I have noticed that the increase in science costs hits pretty large. I'm currently playing the smaller version of the giant map as Austronesia. It is awesome! At this point in the game I have about 12 cities and it is about 960 AD. Each new city I get is definitely not helping at this point. It will probably take 100 turns or more before a new city becomes a net positive. Between needing to build so many happy/health buildings, and trying to produce enough gold not just to make up for increased maintenance and civic upkeep, but also to make up for the increased tech costs.

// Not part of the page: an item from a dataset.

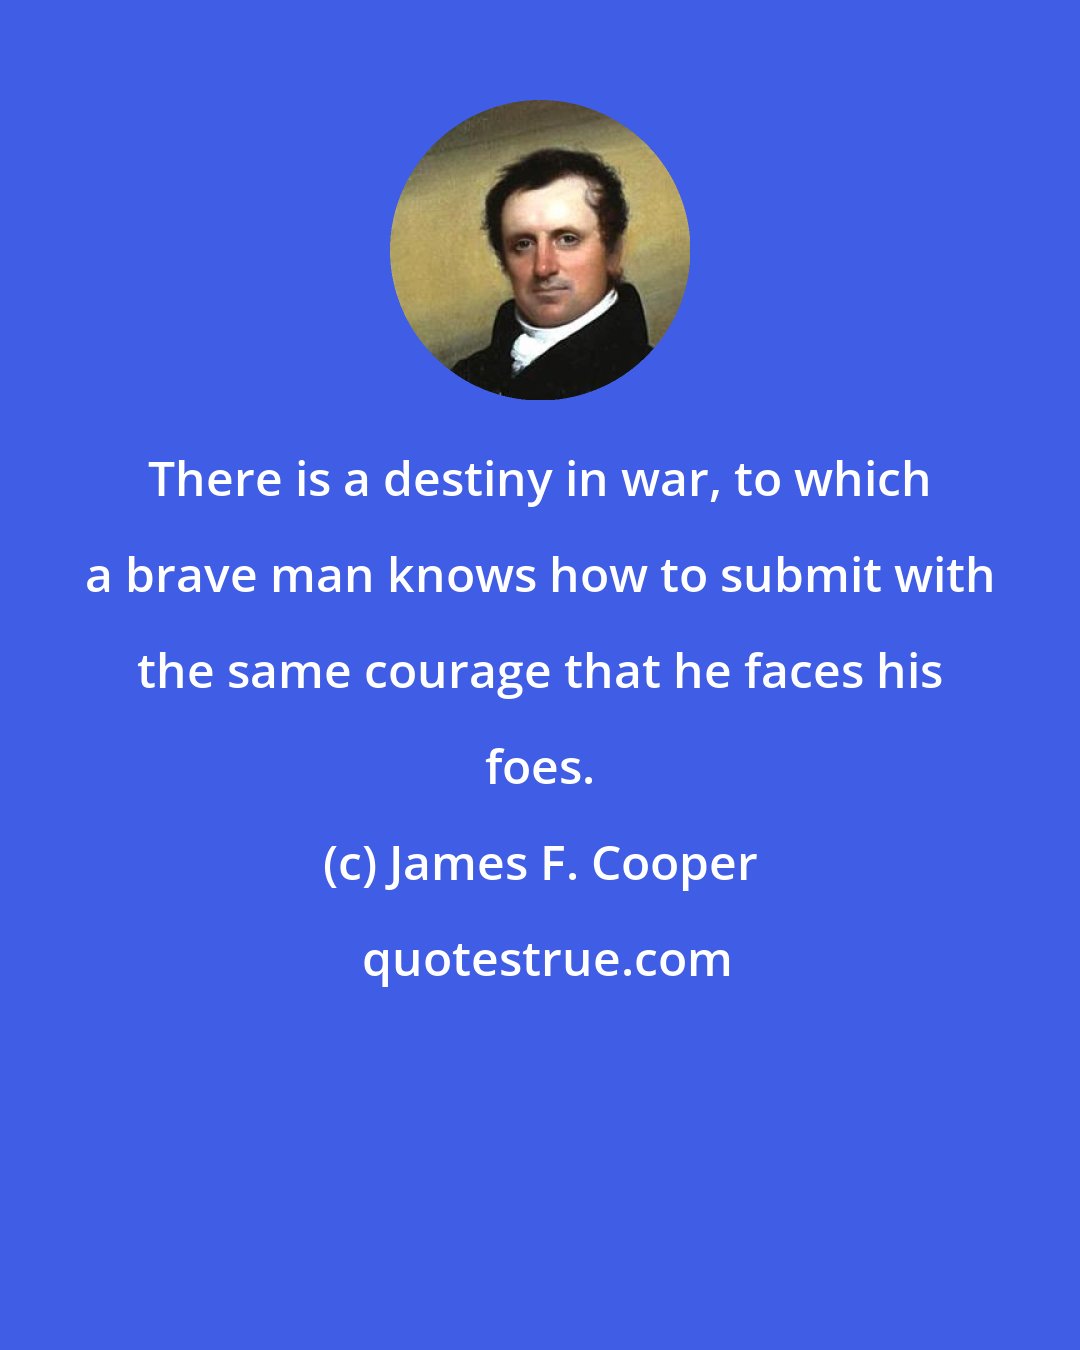 James F. Cooper: There is a destiny in war, to which a brave man knows how to submit with the same courage that he faces his foes.

So anyways I'm just wondering what the formula is for the increase.

Thanks.
 
Thanks for the quick response. It says it is 9% per city on huge.

Does this mean a 1000 beaker tech will wast 1900 beakers when I have 10 cities. Or does it mean a 1000 beaker tech will cost 2367 beakers.

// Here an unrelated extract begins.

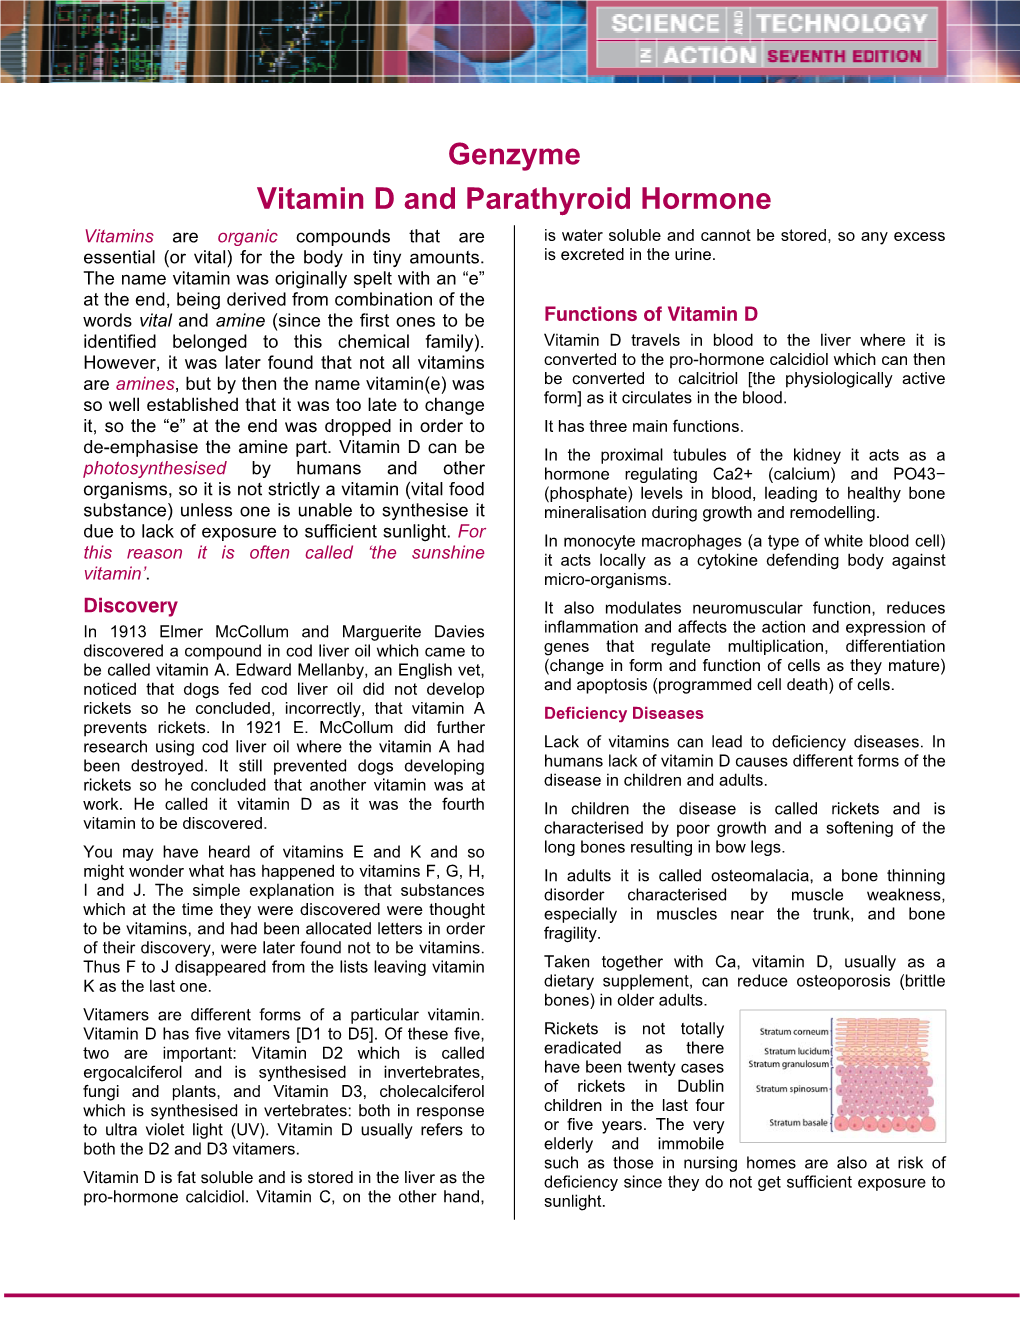 Genzyme Vitamin D and Parathyroid Hormone

Basically is the additional percentage increase from each city "compounded" with previous increases? Like 1000 beakers * 1.09 * 1.09 * 1.09... etc.

Or is it just the total percentage from all cities added together, just multiplied once. Like 1000 beakers * (1 + (number of cities * 0.09))
 
Do you know of any way I could look up the complete formula for tech costs? Because when I go to the civlopedia it says Printing Press costs 1050 beakers. In my current game on Monarch difficulty, on the RI World Map Large scenario (the smaller of the 2 giant worldmaps), I have 13 cities total. It is showing a total cost of 9929 beakers to research Printing Press. I want to see how this total cost is arrived at.

Looking up thing in the Civlopedia shows that monarch difficulty has 115% research costs, Giant map size (which is actually much smaller than the actual size of this special Scenario map I think.) Giant map size shows 100% research costs, and 8% increased research costs per city. With these numbers I have no idea how the cost of Printing Press in my game goes from 1050 beakers in the Civlopedia to 9929 beakers in game.

Any help would be much appreciated.

EDIT: Oh yeah and I should mention I am playing on the recommended "Realistic" game speed
 
OK I am not sure how my Civlopedia was showing 1050 for the cost of Printing Press. I started a new game on the same map and setting and it costs 3686 at the start of the game with only 1 city.

So now it appears that it is a multiplier of 8% or 9% per city, and it is compounded. That's how with 12 cities my tech cost is about 2.5 times higher than at the start, compared to the 1.9 - 2.1 times higher it would be if it was not compounded.

And that seems to make it so that at a certain point in the game new cities will almost never be worth it from a research point of view. If you have 20 cites, adding one more city that is as good as your average city will increase your research by 5%, but it will increase your research costs by 8% or 9%.
 
OK I am not sure how my Civlopedia was showing 1050 for the cost of Printing Press. I started a new game on the same map and setting and it costs 3686 at the start of the game with only 1 city.

Sounds about right; pedia shows the base cost, which is then, even with 1 city, adjusted to the game speed and world size. Realistic speed alone is 310% research costs.

So now it appears that it is a multiplier of 8% or 9% per city, and it is compounded. That's how with 12 cities my tech cost is about 2.5 times higher than at the start, compared to the 1.9 - 2.1 times higher it would be if it was not compounded.

If you're playing one of the World Maps, they're using the special map size that puts stricter malus on research than large/huge map sizes. It's the (don't select) one, with 15% per city research cost (due to these maps having much more resources per city leading to more productive cities on average, and also due to there being more civs with more possibility for open borders tech spread). If that were compounded, you'd have the costs around 22000 by the time you reached 13 cities. It is linear, but the base increase for that particular map is higher than you assumed.

And that seems to make it so that at a certain point in the game new cities will almost never be worth it from a research point of view. If you have 20 cites, adding one more city that is as good as your average city will increase your research by 5%, but it will increase your research costs by 8% or 9%.

Yeah, that was generally the effect we were trying for - there being an optimal number of cities for research purpose, with everything beyond slowing you down. Late game, having more cities would always be better than having less otherwise, while now it's a production/research tradeoff.
 
OK thanks for the reply! If it is linear, and not compounded, that makes me very very happy!